_Provided material_
________________
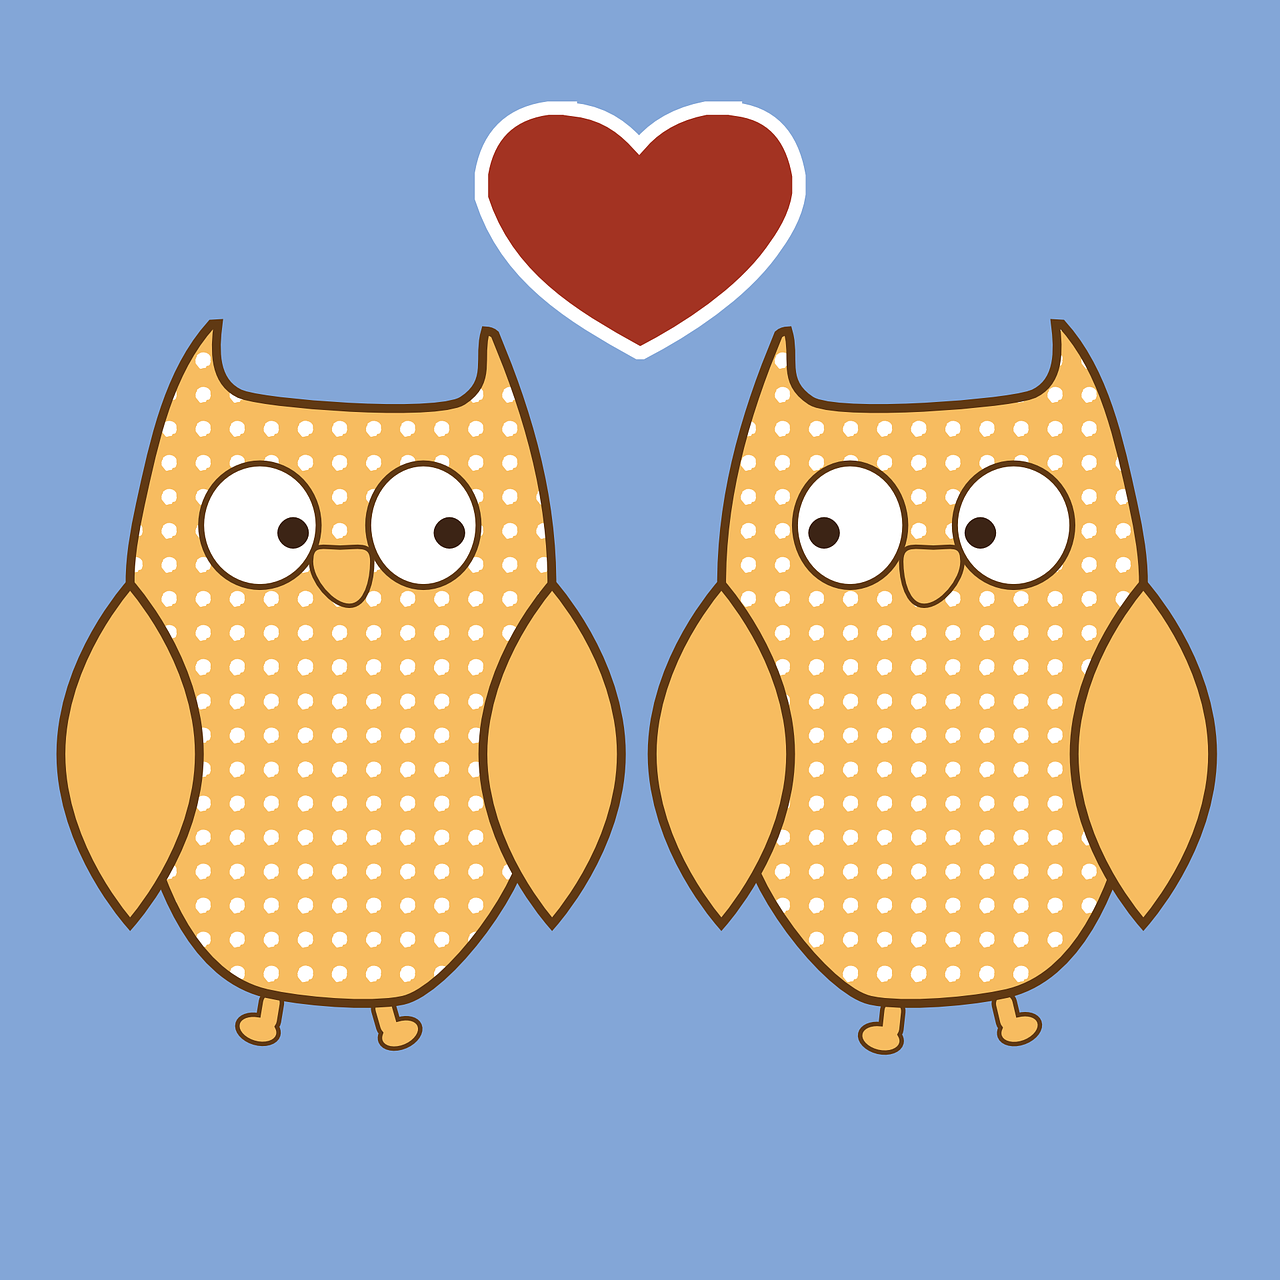 wedding,heart,love,birds,owls,marriage,free vector graphics,free pictures, free photos, free images, royalty free, free illustrations, public domain
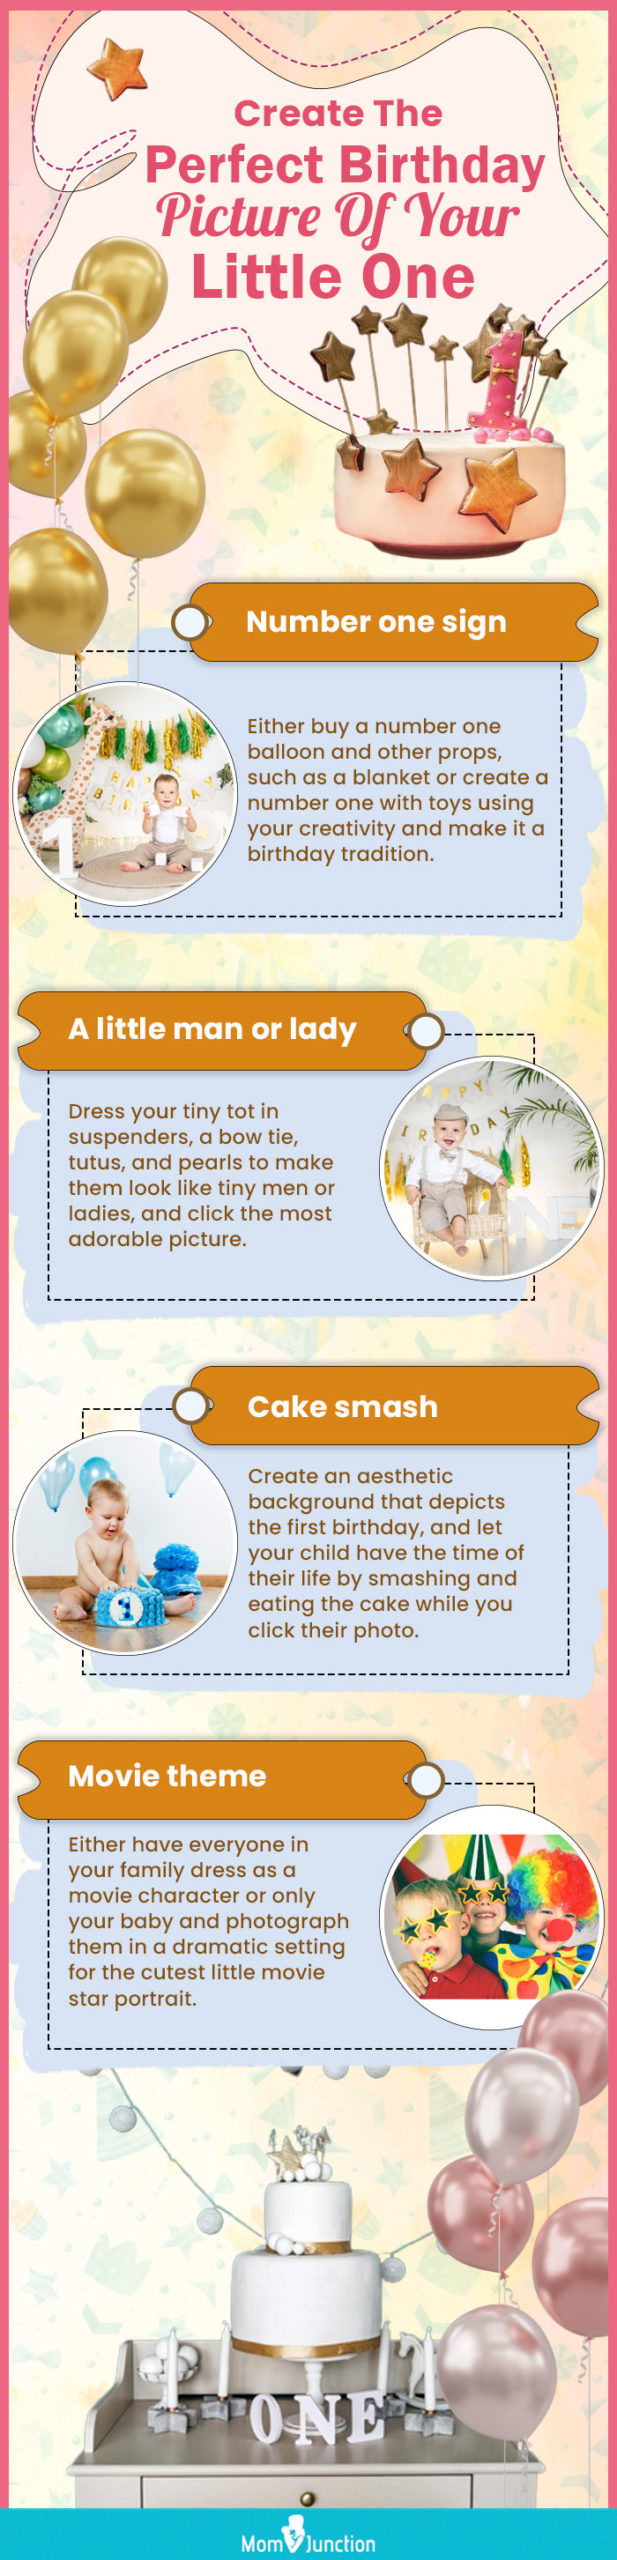 create the perfect birthday picture of your little [infographic]
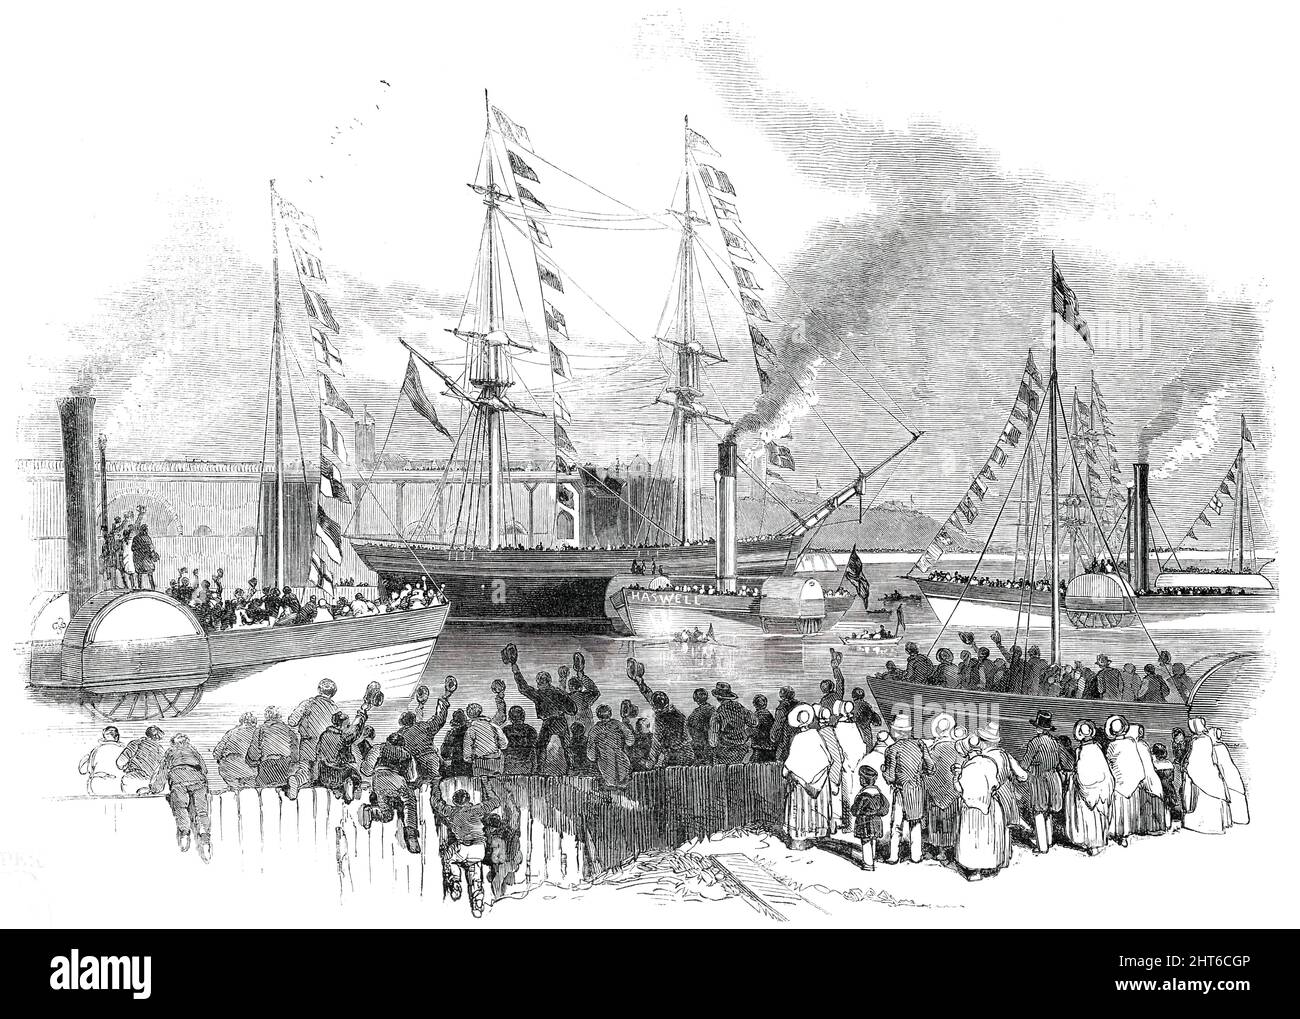 The First Shipment of Coals in the New Sunderland Docks, [Tyne &amp; Wear],1850. 'The entrance to the dock itself is 60 feet wide; the depth of water at the quays will be 20 feet, and in the middle 24 feet. The length of quays in the dock is 5248 feet, which will easily accommodate 40 vessels...The entrance from the river is between the Tidal Gauge and the Low Quay; where a spacious tidal harbour has been formed...The river itself was studded with every variety of craft that human beings could crowd into it; and every vessel of every description, afloat or on the stocks, was radiant above with Stock Photo
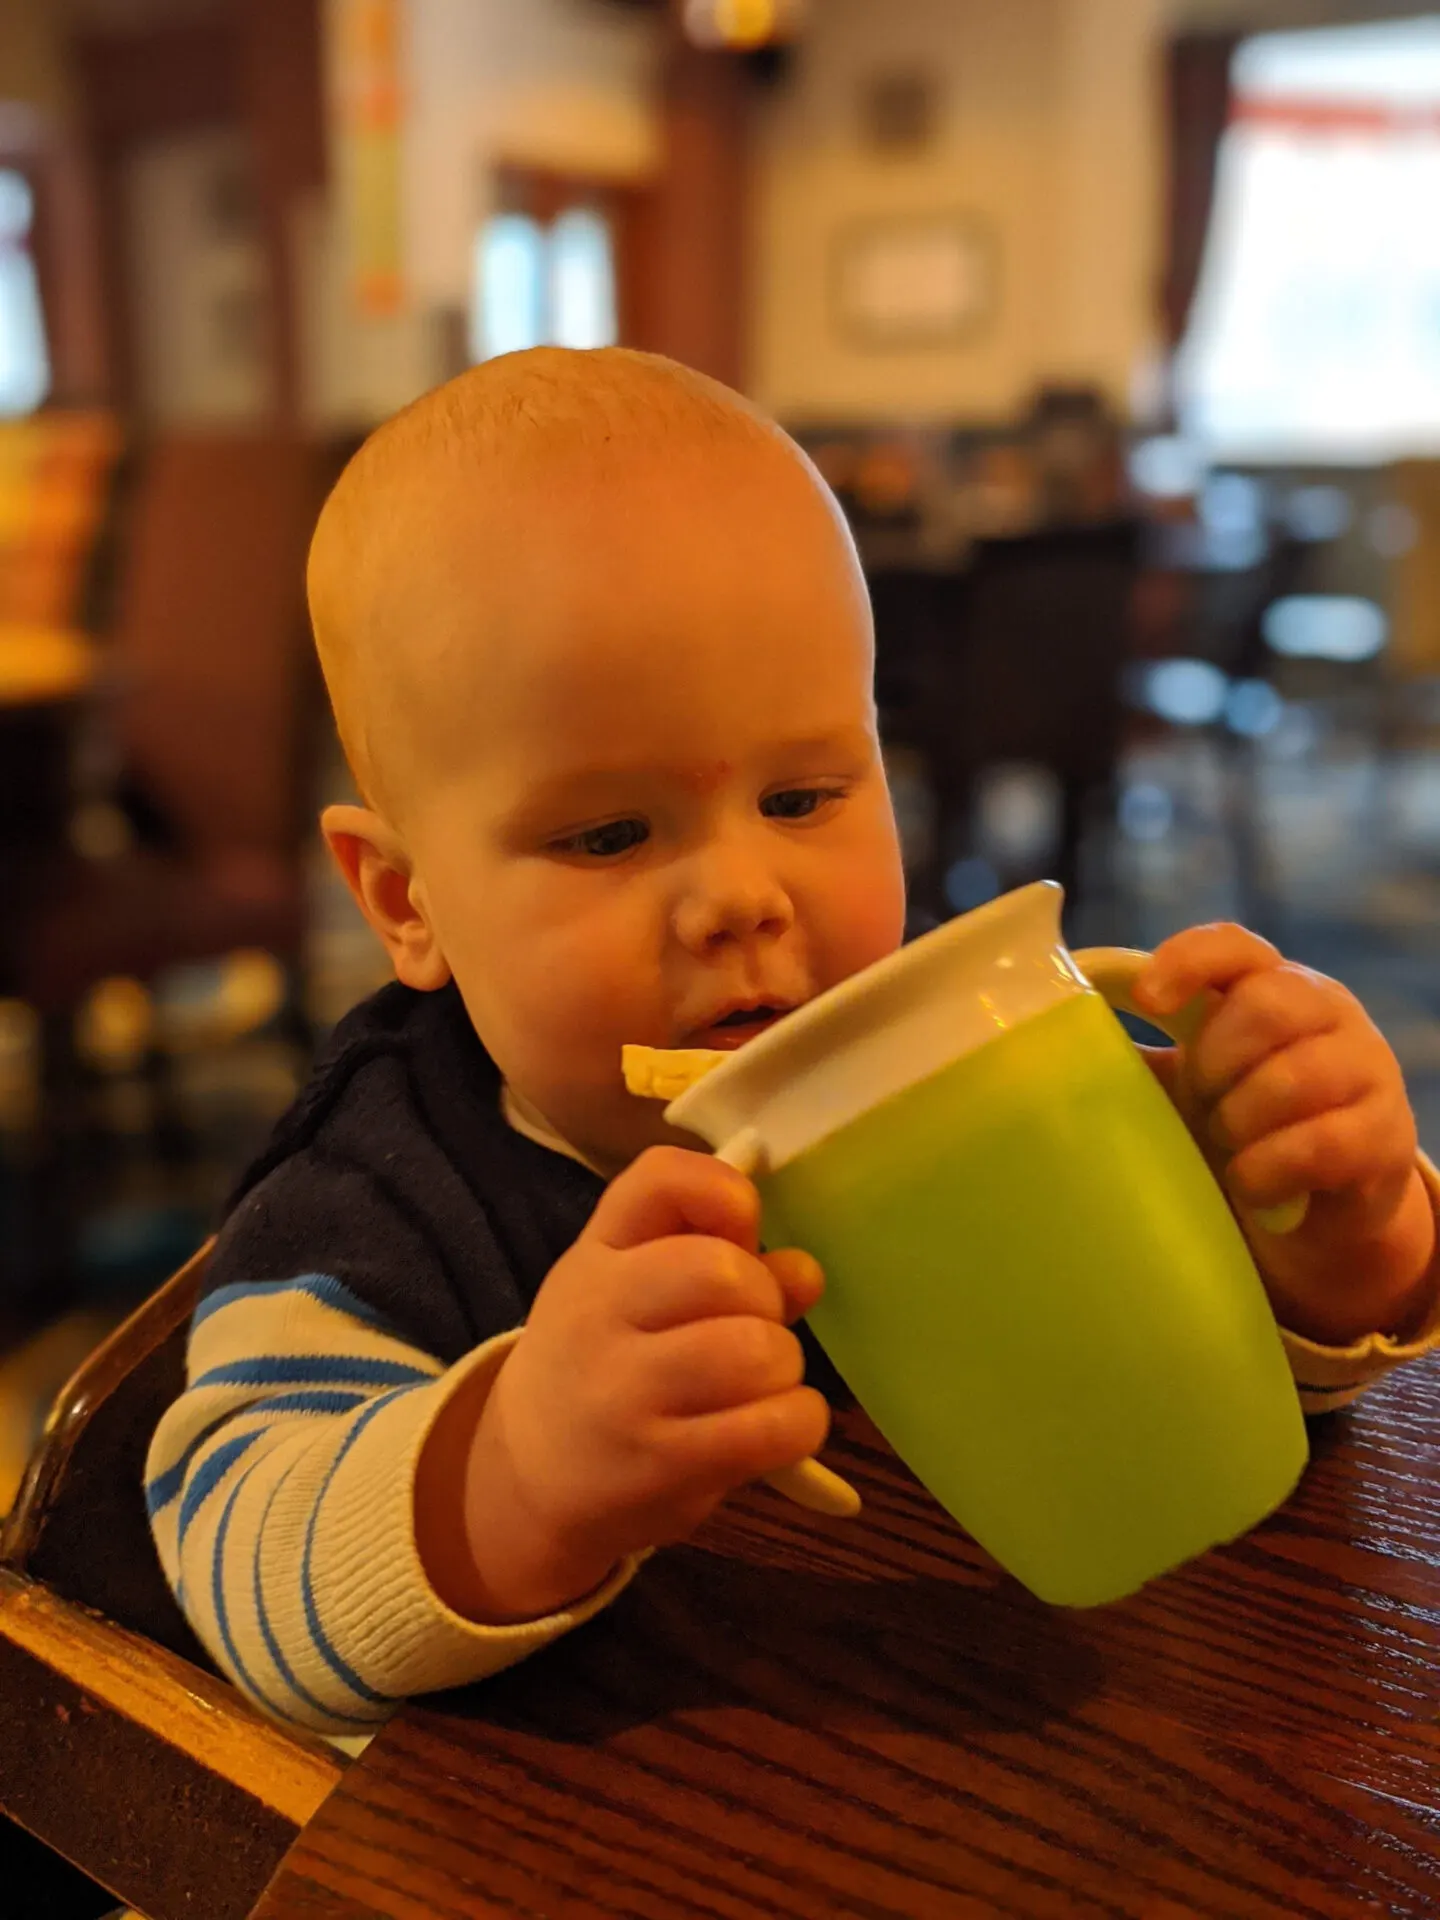 Baby Drinking Cup
________________
_Problem requirements_
Go through the data above and transcribe it in full, omitting any image.

_Solution_
 wedding,heart,love,birds,owls,marriage,free vector graphics,free pictures, free photos, free images, royalty free, free illustrations, public domain
 create the perfect birthday picture of your little [infographic]
 The First Shipment of Coals in the New Sunderland Docks, [Tyne &amp; Wear],1850. 'The entrance to the dock itself is 60 feet wide; the depth of water at the quays will be 20 feet, and in the middle 24 feet. The length of quays in the dock is 5248 feet, which will easily accommodate 40 vessels...The entrance from the river is between the Tidal Gauge and the Low Quay; where a spacious tidal harbour has been formed...The river itself was studded with every variety of craft that human beings could crowd into it; and every vessel of every description, afloat or on the stocks, was radiant above with Stock Photo
 Baby Drinking Cup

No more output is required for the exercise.